When Peter Salovey, a professor of psychology, became president of Yale University in 2013, the school paper quickly noted that he was a scion of the Soloveitchik family, the great Orthodox rabbinic dynasty that has shaped Europe, America, and Israel. Since assuming office, Salovey has embraced his heritage–from outlining his full lineage for those interested in a comment at the Yale Daily News, to engaging in a public dialogue in March with former U.K. Chief Rabbi Jonathan Sacks. But perhaps the most Jewish moment of his presidency came this weekend at Yale’s graduation ceremonies, where Salovey repeatedly invoked the rabbinic tradition in exhorting students to commit themselves to “tikkun olam.”

In his Baccalaureate address to Yale’s graduating seniors, titled “Repair the World!,” Salovey opened with a reference to the Mishnaic sage, Hillel the Elder. “A few weeks ago, I conducted a little thought experiment,” he said. “If a graduating senior asked me to capture the purpose of life after graduating from Yale in just a few words, what would I say? What would that purpose be? Could I articulate your life’s mission as you leave Yale–on commencement weekend, no less–while ‘standing on one foot’?”

“The phrase ‘standing on one foot,’” he went on, “derives from a story about Hillel, the first century BCE rabbi and scholar. He was asked to summarize the meaning of the entire Torah, the Old Testament, while standing on one foot. His reply: ‘What is hateful to you, do not do to your neighbor. That is the whole Torah; the rest is the explanation of this–go and study it!’”

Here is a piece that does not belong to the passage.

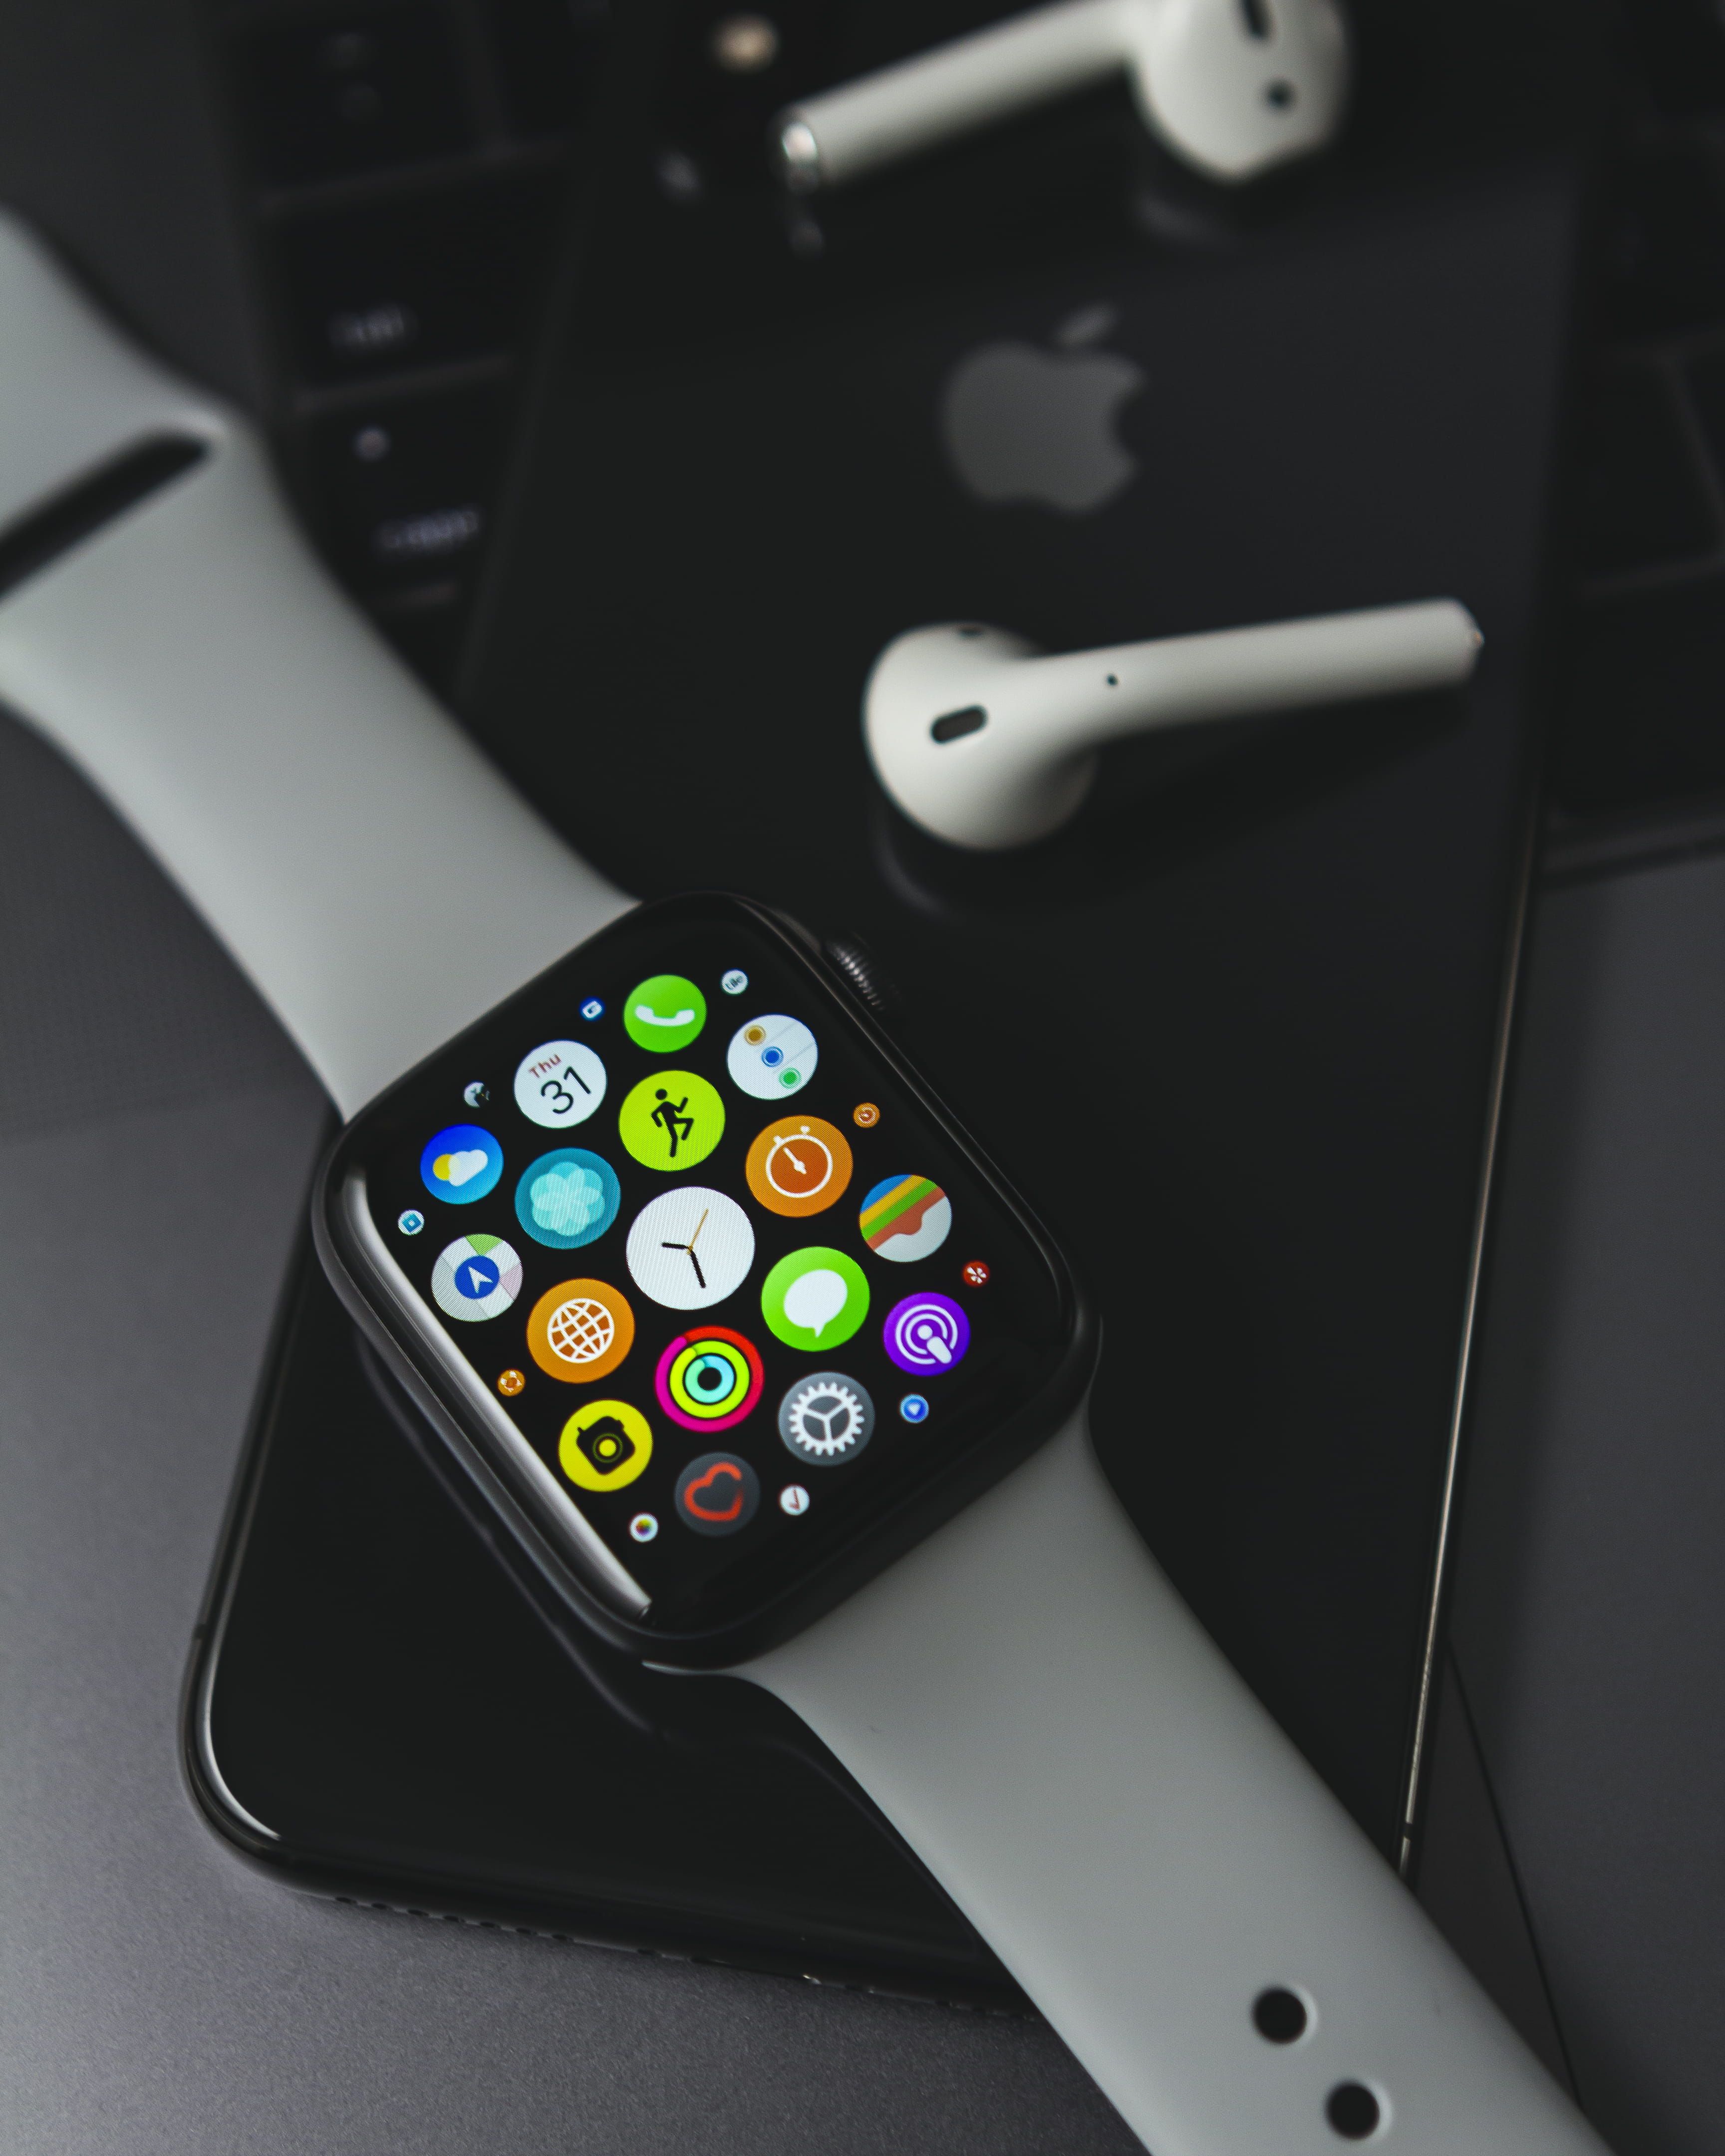 HD Wallpaper Apple Watch On Jet Black iPhone Close Up Indoors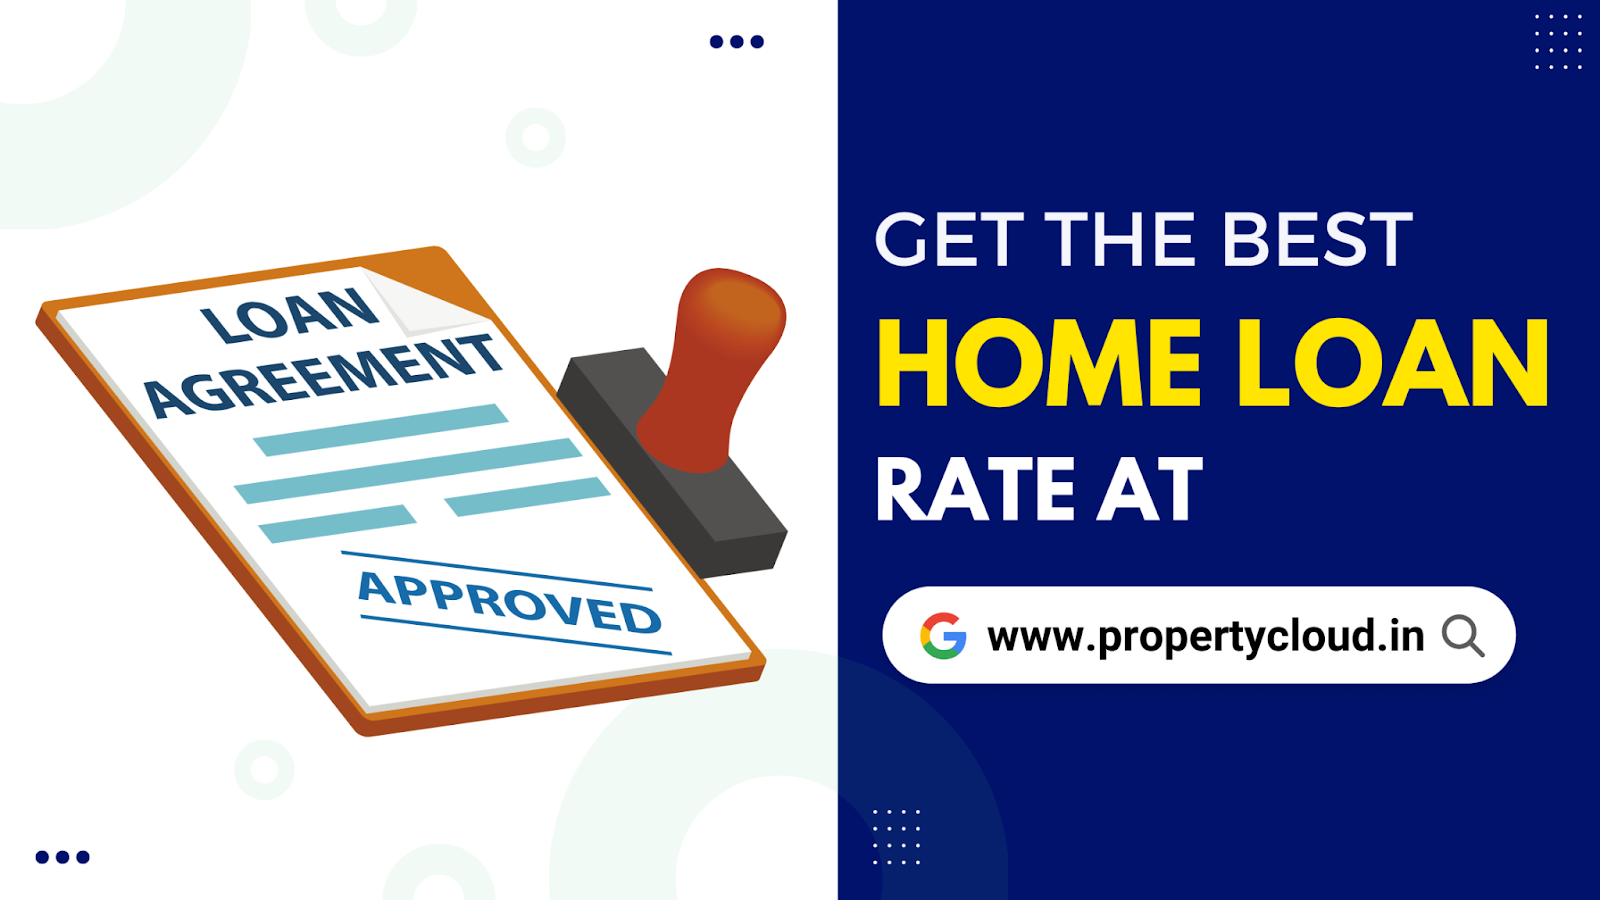 Get the Home Loan rate at ProprtyCloud

Following Hillel, Salovey proceeded to outline his own philosophy of life on one foot. “There are many perfectly fine answers to the question about your commitments after Yale,” he continued. “What I am going to suggest to you today, however, is that your purpose in life as a graduate from Yale is simply this: to improve the world. In the Jewish tradition, this is called tikkun olam, literally to repair the world.”

Salovey then invoked another touchstone of the Jewish experience–humor. “Tikkun olam is a theme and a phrase that has permeated American popular and political culture,” he noted. “American clergy–not to mention college deans and university presidents–tend to give so many sermons on tikkun olam that there is a joke about an American traveling to Israel to work in an orphanage. He is met by his cousin at the airport. After exchanging greetings, the American asks his Israeli cousin, ‘How do you say tikkun olam in Hebrew?’”

Salovey closed with a final reference to Jewish texts, this time to Pirkei Avot, the rabbinic moral tract. “Many of you have contributed something new by addressing niches where very little light has been shined,” he told the students. “But will these efforts be sustained after your graduation, or are they merely lines on your résumés? Will there be progress or back-sliding? Is tikkun olam ever actually finished? Is your work ever truly done?”

“Improving the world is a difficult project to take on because–unlike so many aspects of your education at Yale or of life itself–there really is no beginning, middle, or end here. There is no ‘bottom line.’ What may be most challenging is that even after a lifetime of work, further repair may be necessary. Maybe even more than when you started. My predecessor, President Richard Levin … often quoted Rabbi Tarfon, ‘It is not your responsibility to complete the work, but neither are you free to desist from it.’”

It is hard to imagine the president of a prestigious university anywhere else in the world delivering such an unabashedly proud Jewish address. At a time when the headlines highlight anti-Israel activism shading into anti-Semitism on campus, moments like these remind us just how uniquely hospitable America has proven to its Jews–a fact as worthy of celebration as graduation itself.